I always did! If a dog came in matted, I'd charge their regular grooming fee, and give them a choice...Cut the dog down or pay me an hourly rate for dematting, with a one hour minimum. I had a regular clientelle and a long waiting list, so my people usually did what I wanted. If the dog came in matted again, I'd make them either keep the haircut shorter, or else bring it in more often. But matted dogs got charged extra, yes siree! I

If the dog was dirty and not matted, it doesn't take more work than a dog like your little girlies, who are kept clean and brushed. They still have to be brushed out and bathed. It's the mat problems that take more time, or dogs that misbehave because they don't get groomed often enough to accept it as part of their routine.


----------



## Mysticrealm (Jan 31, 2016)

Like I said in another thread where you mentioned this, 6-8 weeks of growth is not gonna take pretty much any more time to groom than a 4 week dog. And they may have small tangles in the ears, but they are not likely to have matts in such a short period of time unless in very long hair cuts. Dogs that truly take more time, we do charge extra.
Just because the groomer keeps them longer doesn't mean they are working on the dogs for any longer, it just depends on how the groomer works her schedule.
And it doesn't matter if the going rate is 45. If she gets enough business to support her higher rate then she has no reason to lower it.


----------



## MollyMuiMa (Oct 13, 2012)

Glory.....I think your girls look cute! The shorter ears make them look like pups again LOL!

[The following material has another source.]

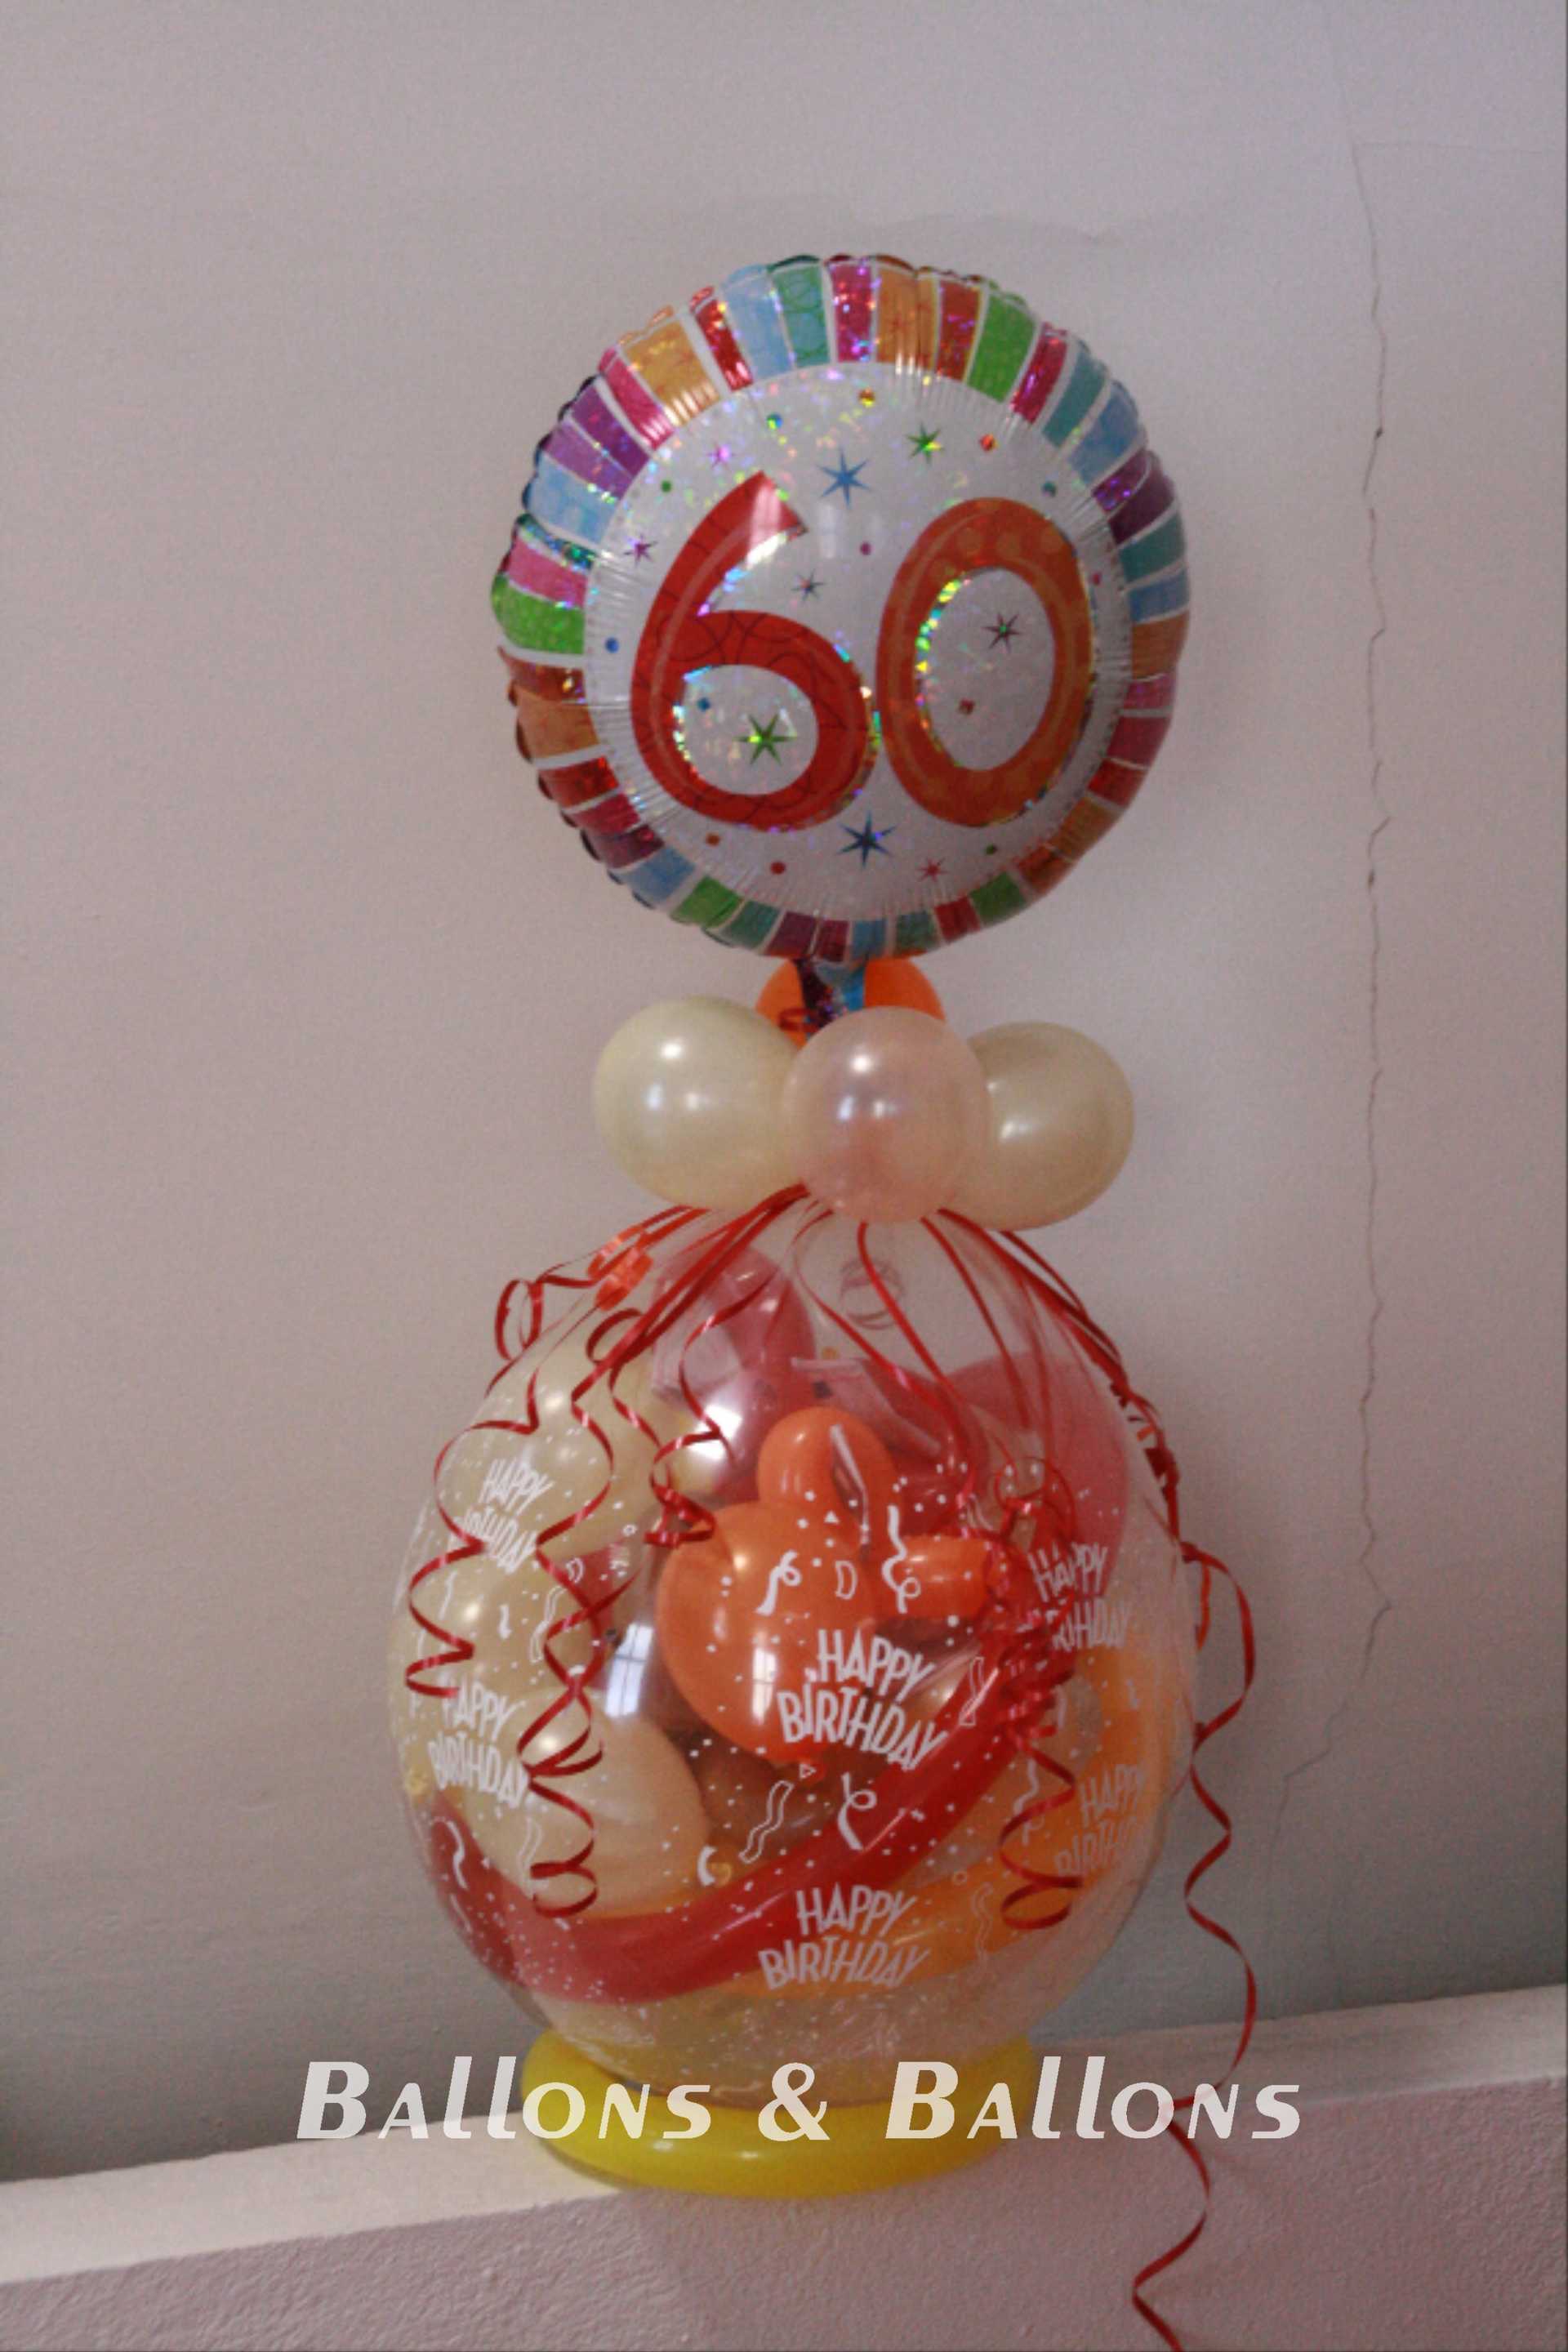 Ein Geburtstagsballon für eine 60-jährige Person.

Heck..I wish my groomer only charged $55.00! Molly's groom costs me $85.00+ tip & I do all of Molly's grooming except the hand scissoring on her jacket, which includes daily brushing, (she's never had a matt) bathing every 7-10 days, clipping her body, feet and face, clipping her nails and painting her toenails......but because she has a soft cotton coat I need a groomer with 'magic scissors' and I pay the price! Molly is always done in 2 hours or less, so I figure her groomer is getting paid more than $40.00+ an hour!!!!! If only I could scissor........LOL!
My neighbor only pays $45.00+tip for her toy poodle but it's just trimmed in a short Miami type clip......................


----------



## Dechi (Aug 22, 2015)

I pay 35$ CAD and my groomer is a poodle show groomer. She doesn't bathe, dry or cut nails or anything else. She clips and scissors and it takes about an hour, maybe 45 minutes.

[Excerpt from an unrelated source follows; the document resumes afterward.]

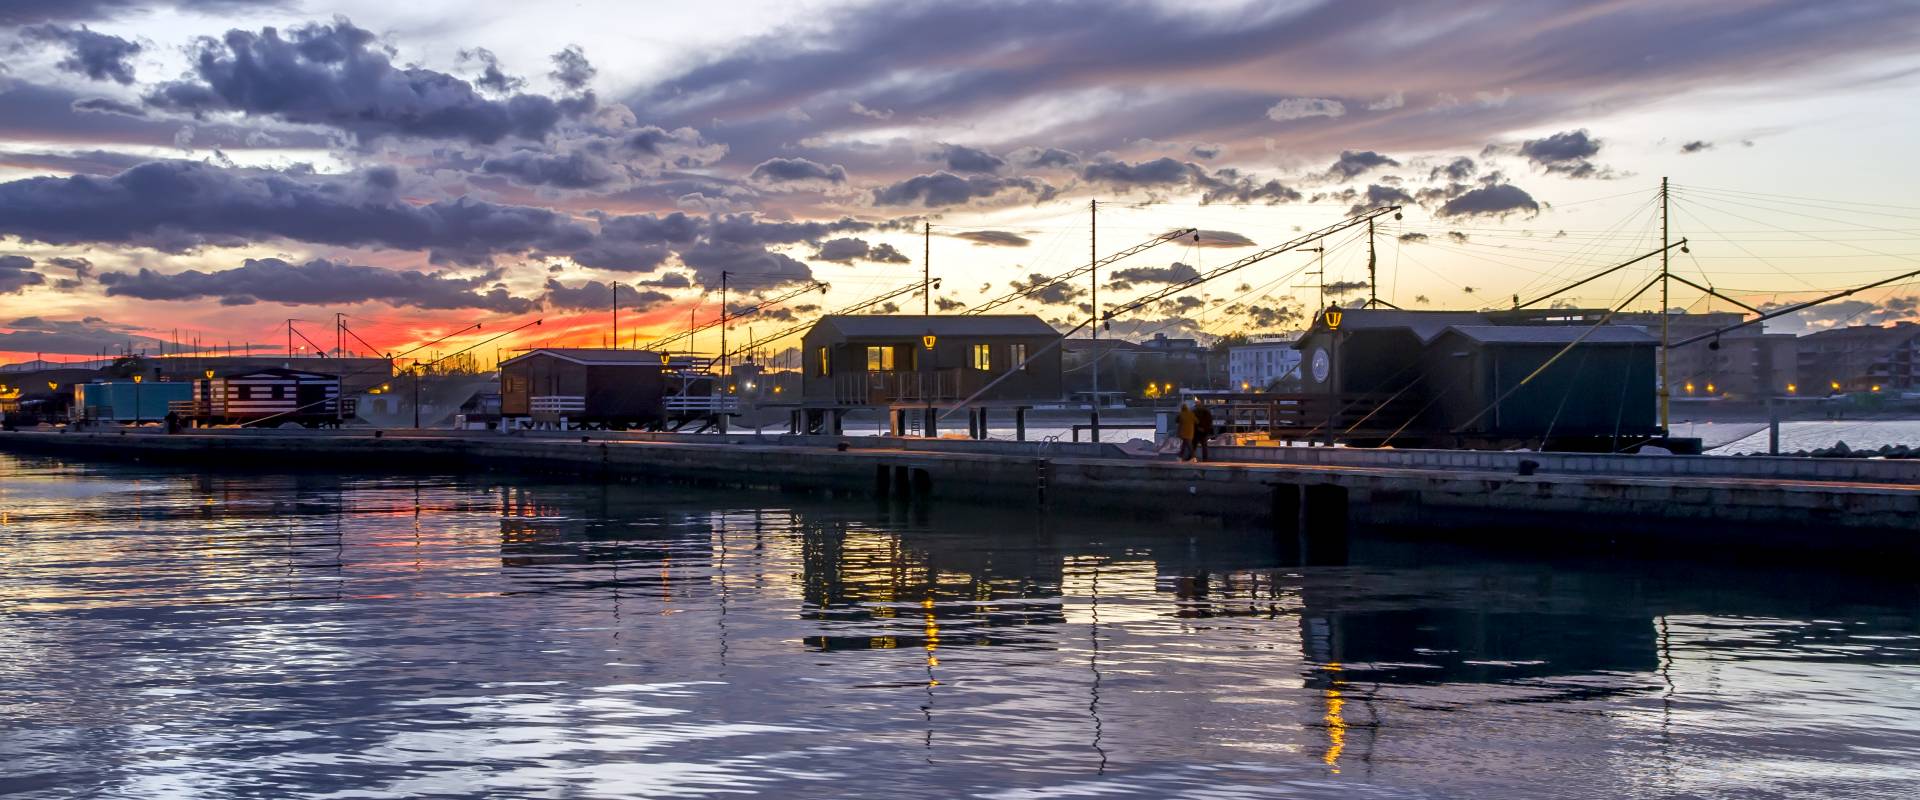 Porto canale , capanni da pesca al tramonto foto di Marco della pasqua
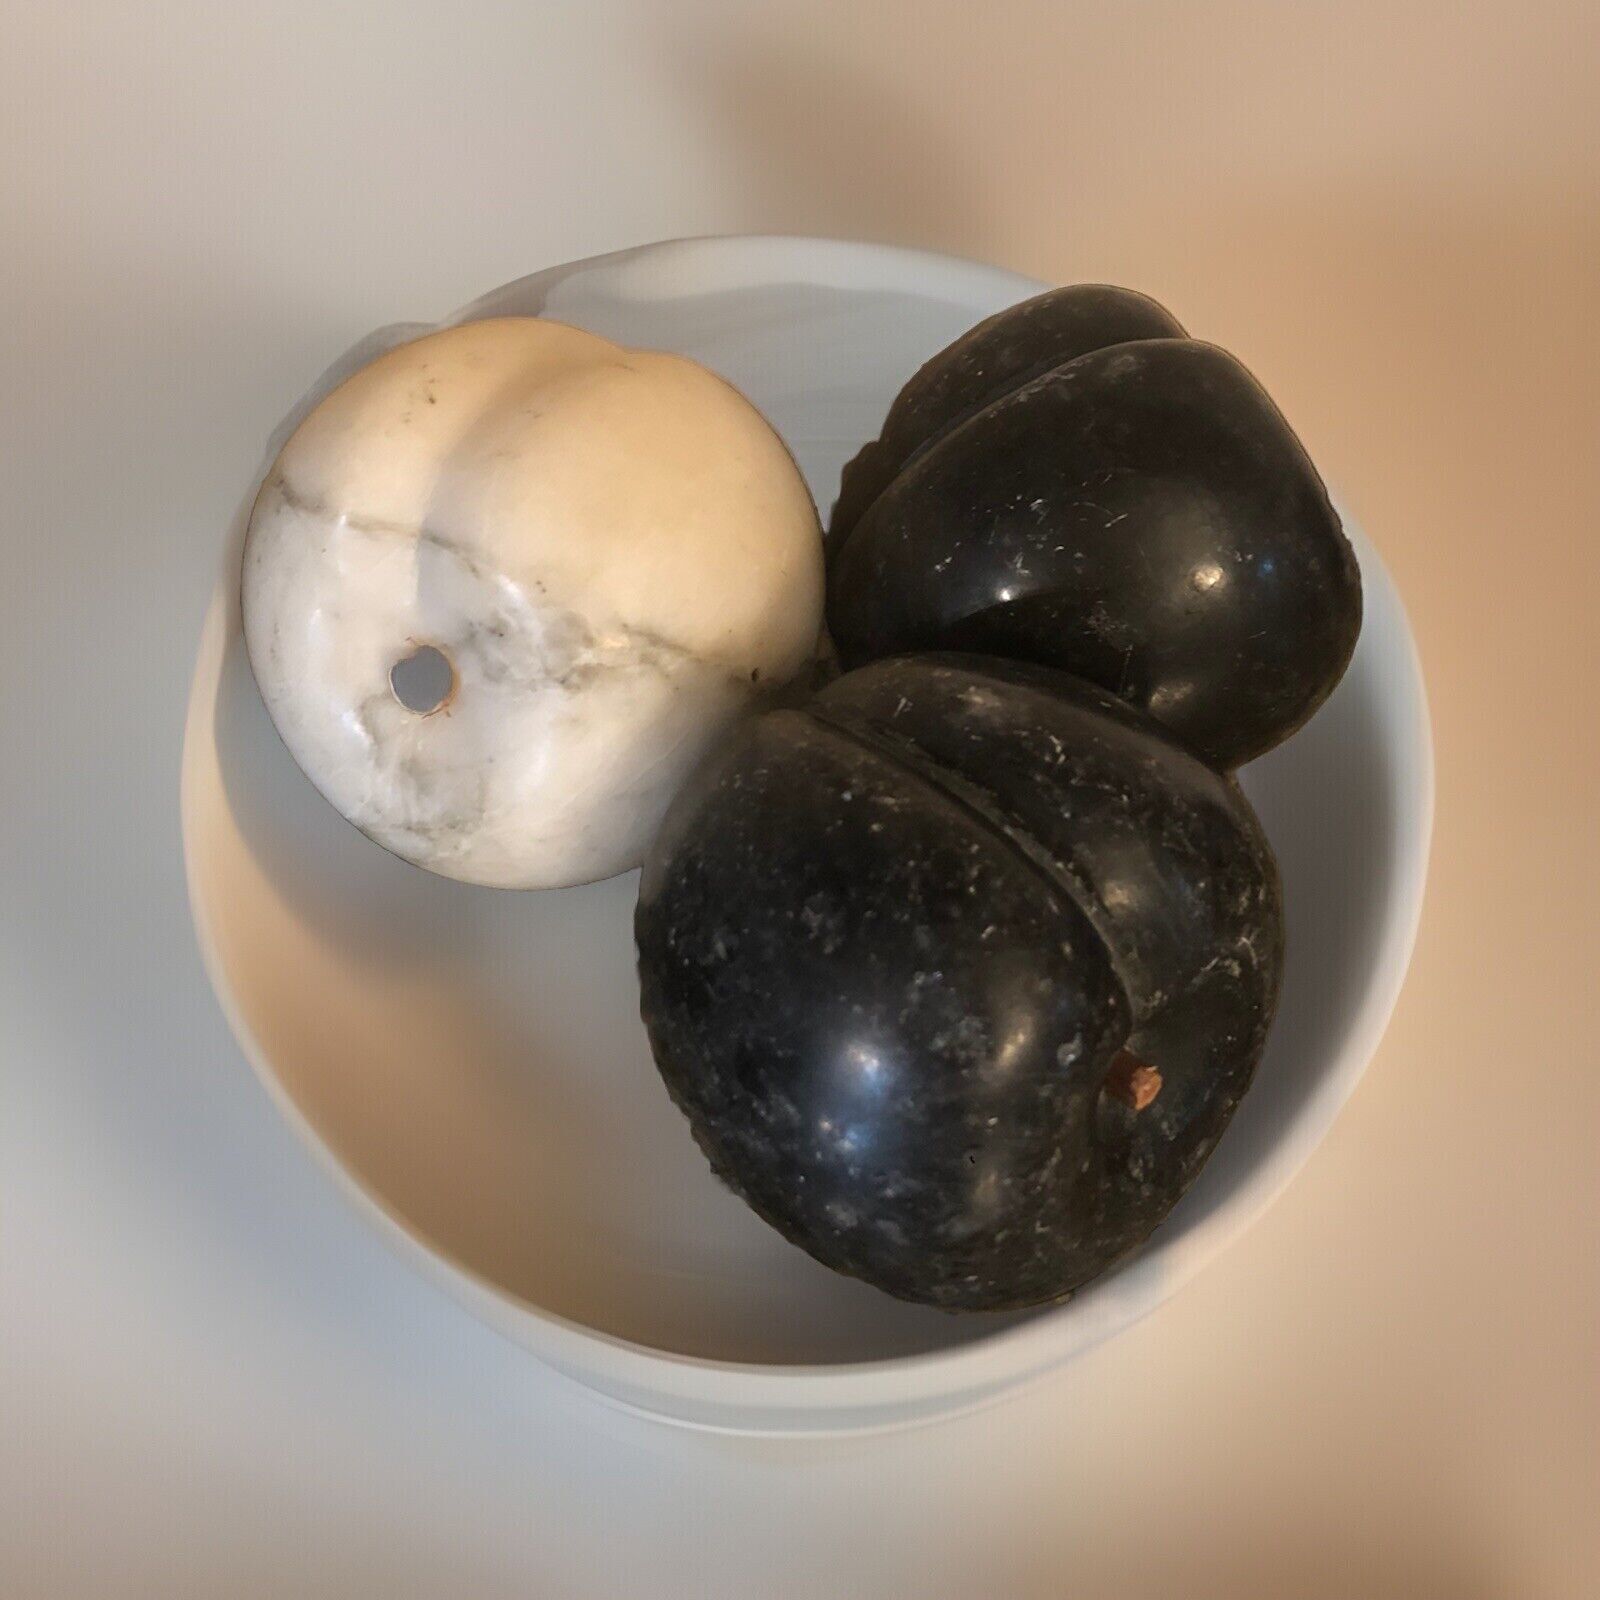 VTG Italian Solid Marble Black&White Carved PeachStonefruit wWoodStem RARE Heavy

There is no one else I would let touch him. All we have around here are basic groomers who seem to do the same style to all dogs, no matter what breed they are.


----------



## sidewinder (Feb 3, 2016)

Mollymiuma and Dechi, you are paying for the expertise of the specialist groomer. Not just anybody could scissor that coat! I was taught that it takes 5 years to learn how to scissor properly, and an eye for "style" is not something just anybody can develop. It is talent. You are lucky to have her! Sounds like you know that! 

I was hired at the second place I worked (over some others) because I had art training. The groomer there was a wonderful mentor and teacher, and a former graphic designer. She had been trained in a Poodle show kennel and had raised show Afghans herself. I learned how to de-mat dogs painlessly, and how to scissor!


----------



## Tiny Poodles (Jun 20, 2013)

Dechi said:


> I pay 35$ CAD and my groomer is a poodle show groomer. She doesn't bathe, dry or cut nails or anything else. She clips and scissors and it takes about an hour, maybe 45 minutes.
> 
> There is no one else I would let touch him. All we have around here are basic groomers who seem to do the same style to all dogs, no matter what breed they are.

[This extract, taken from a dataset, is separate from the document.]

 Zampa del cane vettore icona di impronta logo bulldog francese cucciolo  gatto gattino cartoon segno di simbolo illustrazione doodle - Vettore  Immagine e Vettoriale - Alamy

Oh, I would absolutely love that - that part of grooming that takes talent is what I need help with!


----------



## Tiny Poodles (Jun 20, 2013)

MollyMuiMa said:


> Glory.....I think your girls look cute! The shorter ears make them look like pups again LOL!
> 
> Heck..I wish my groomer only charged $55.00! Molly's groom costs me $85.00+ tip & I do all of Molly's grooming except the hand scissoring on her jacket, which includes daily brushing, (she's never had a matt) bathing every 7-10 days, clipping her body, feet and face, clipping her nails and painting her toenails......but because she has a soft cotton coat I need a groomer with 'magic scissors' and I pay the price! Molly is always done in 2 hours or less, so I figure her groomer is getting paid more than $40.00+ an hour!!!!! If only I could scissor........LOL!
> My neighbor only pays $45.00+tip for her toy poodle but it's just trimmed in a short Miami type clip......................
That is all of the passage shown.